## Work instructions
For this task, extract exactly the lines of the data below, from the line containing "Prince Dalil Singh of Jammu Riding" through the last one, with pictures left out.

Supplied information Block Start

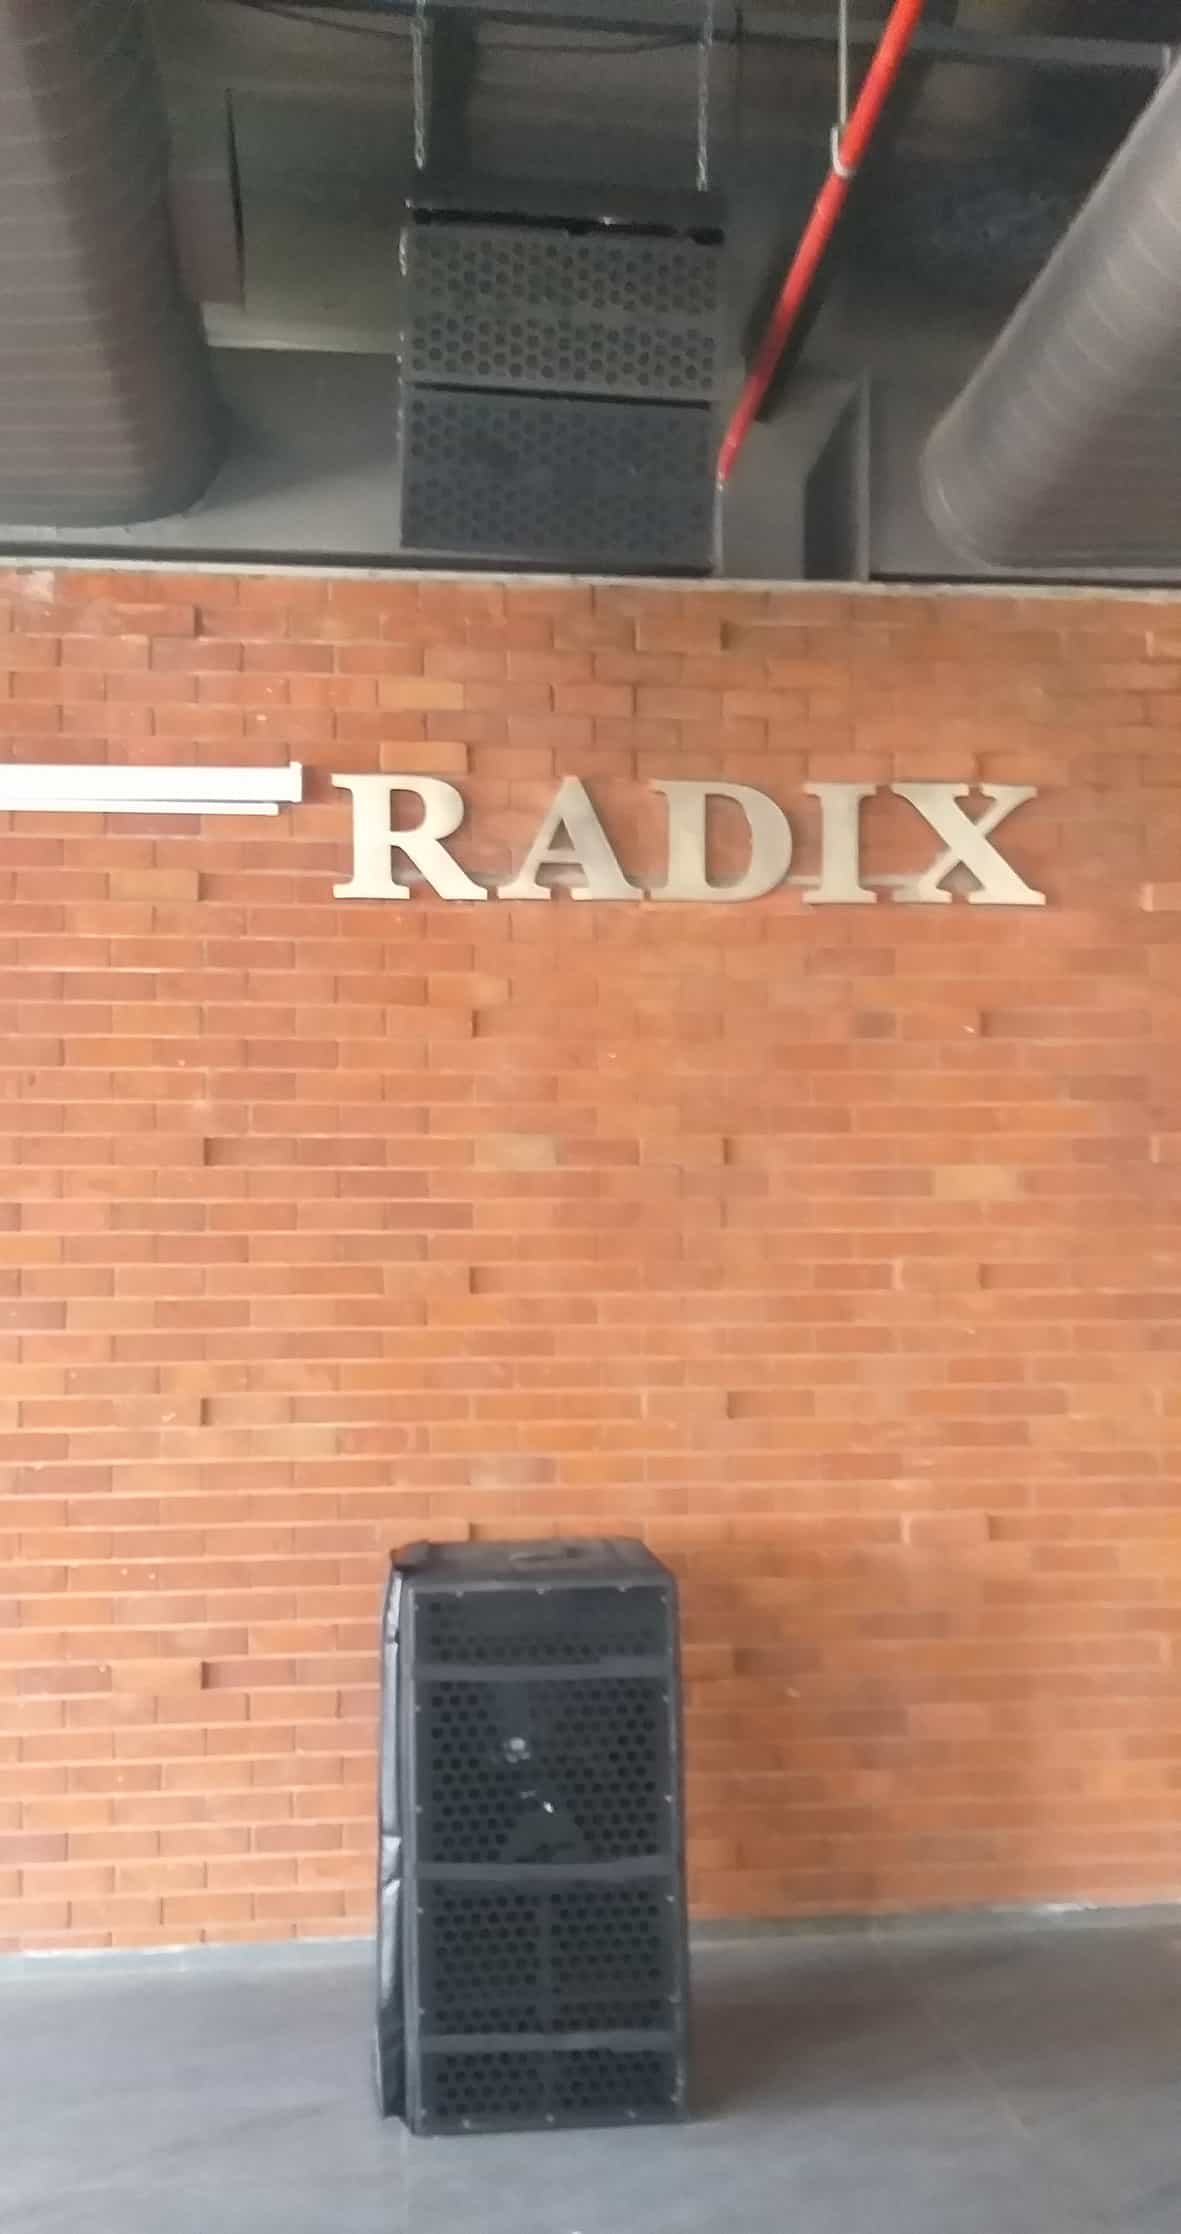 N-Labs reinforce sound at Radixweb 
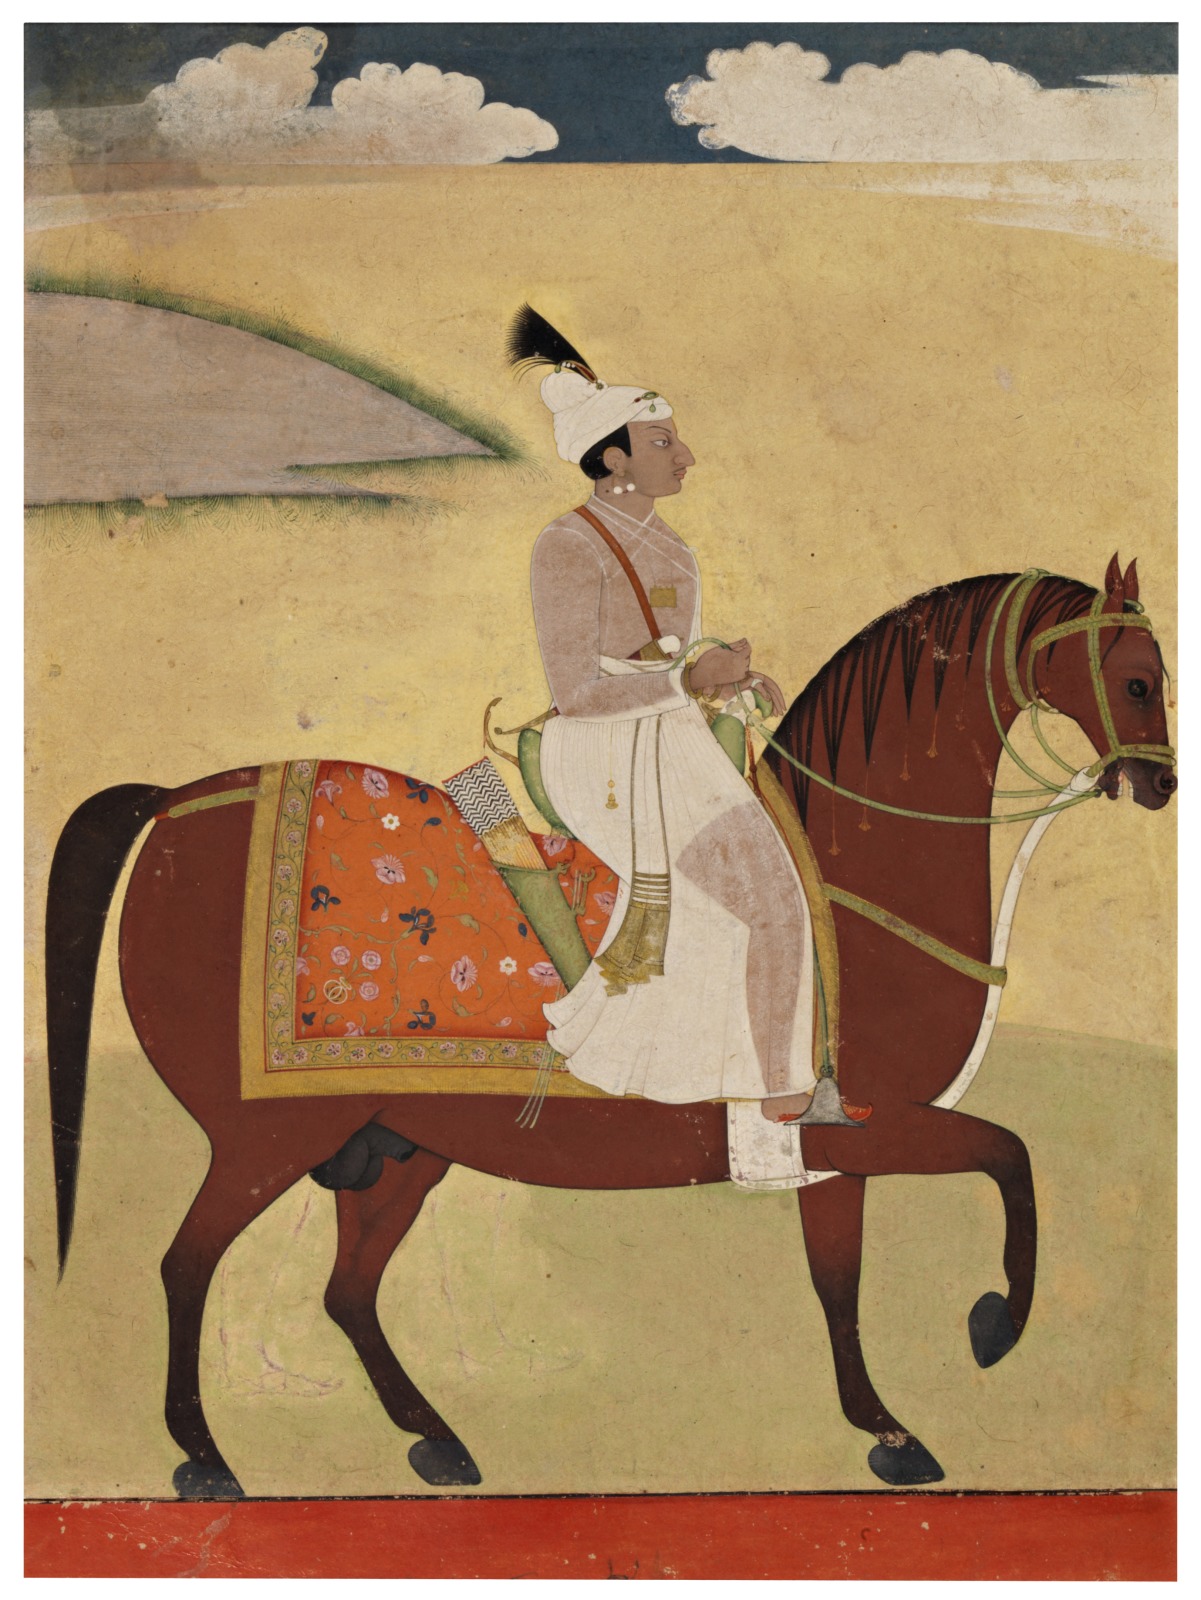 Prince Dalil Singh of Jammu Riding
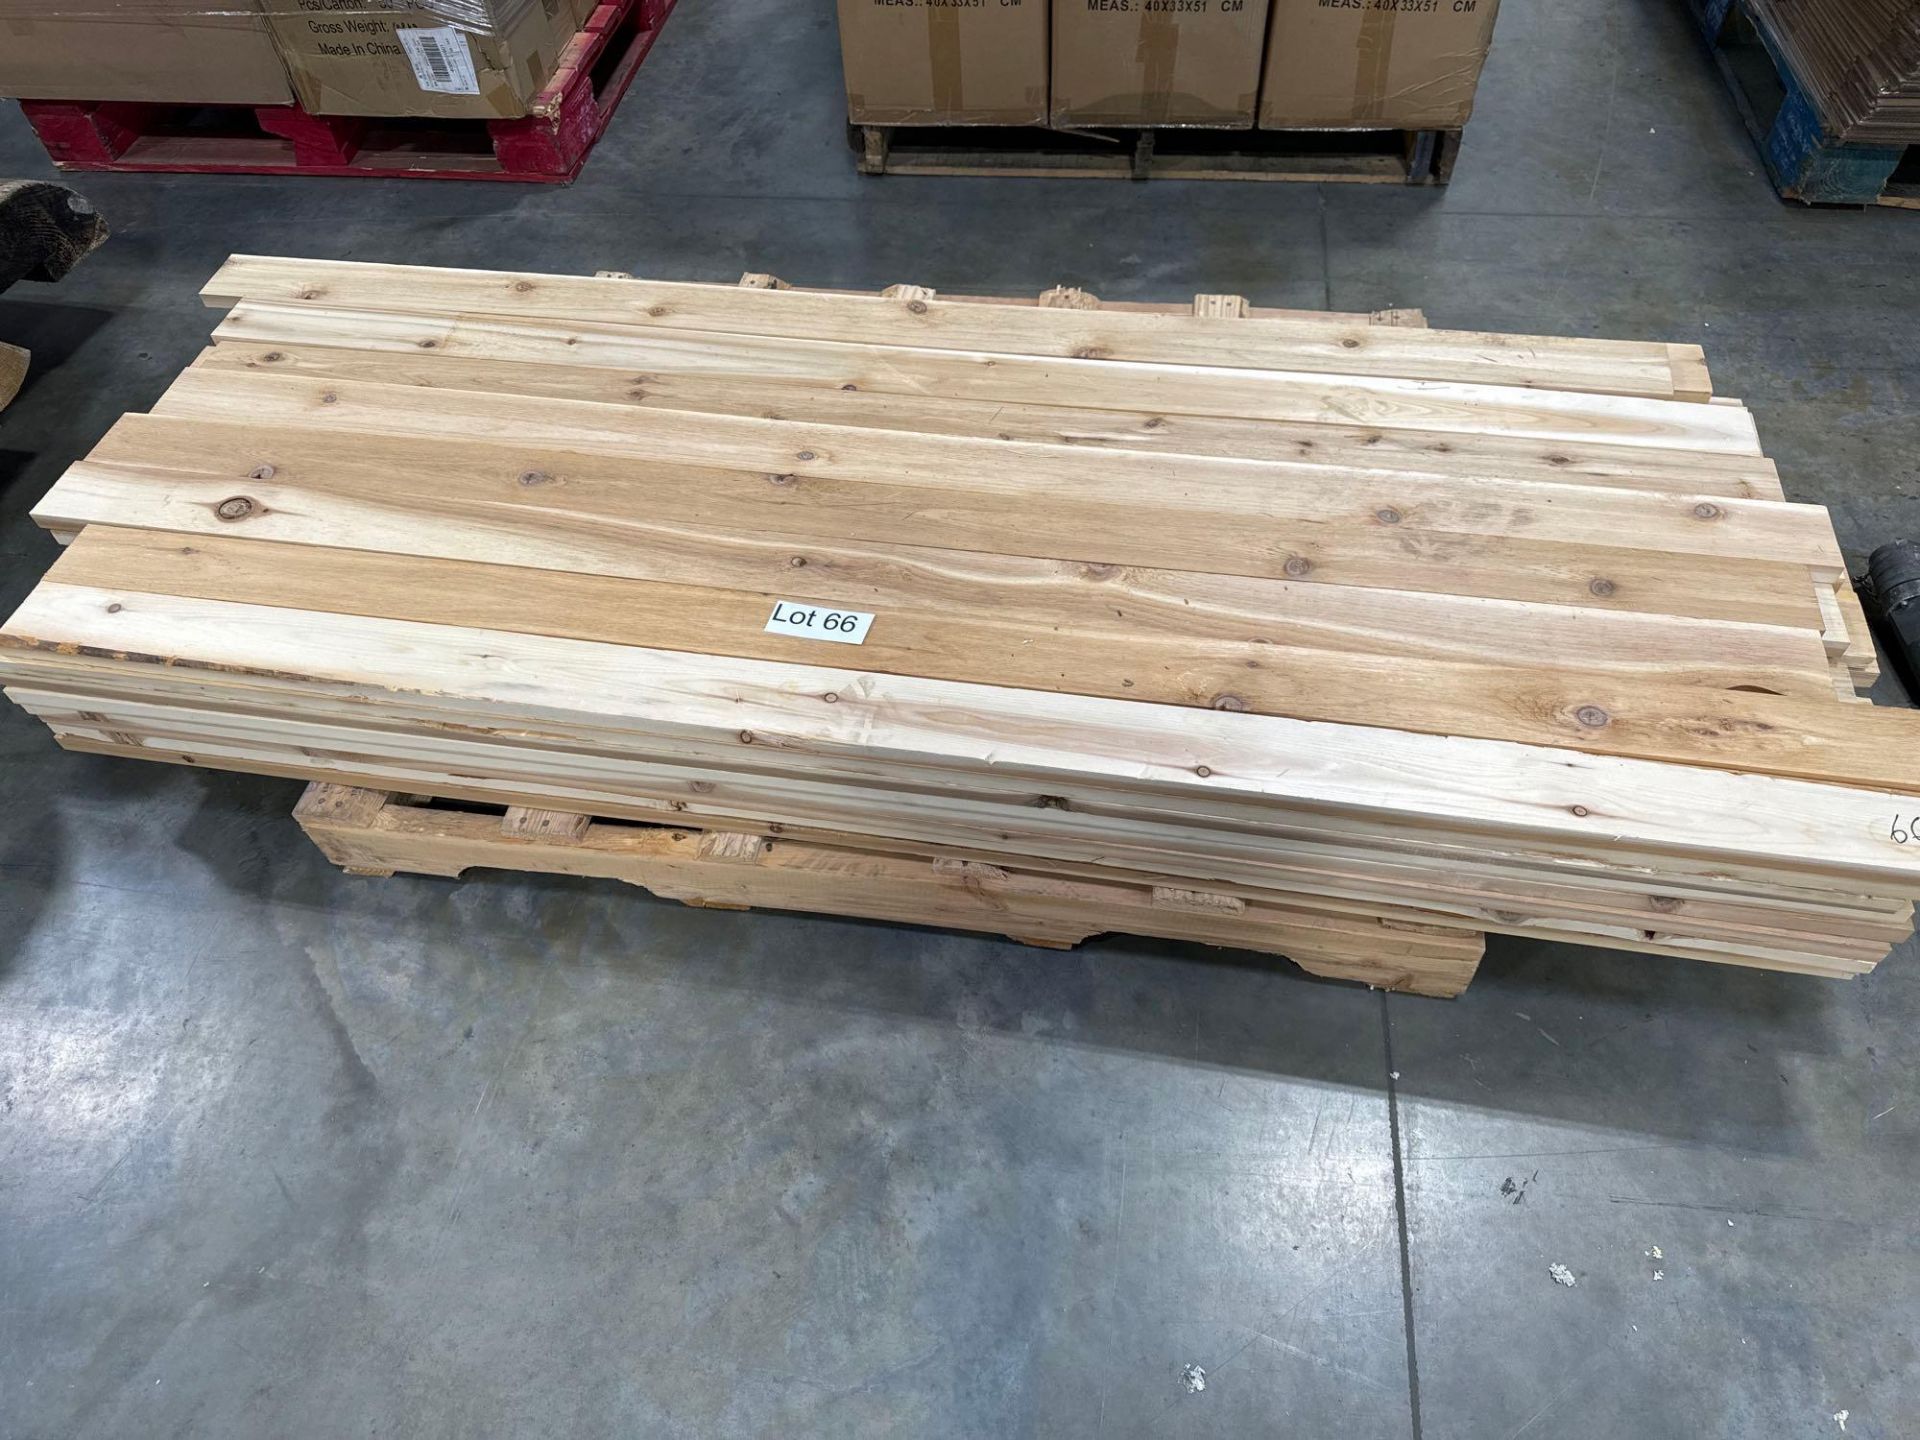 1x4 Cedar planks

Supplied information Block End

## Exercise solution
 Prince Dalil Singh of Jammu Riding
 1x4 Cedar planks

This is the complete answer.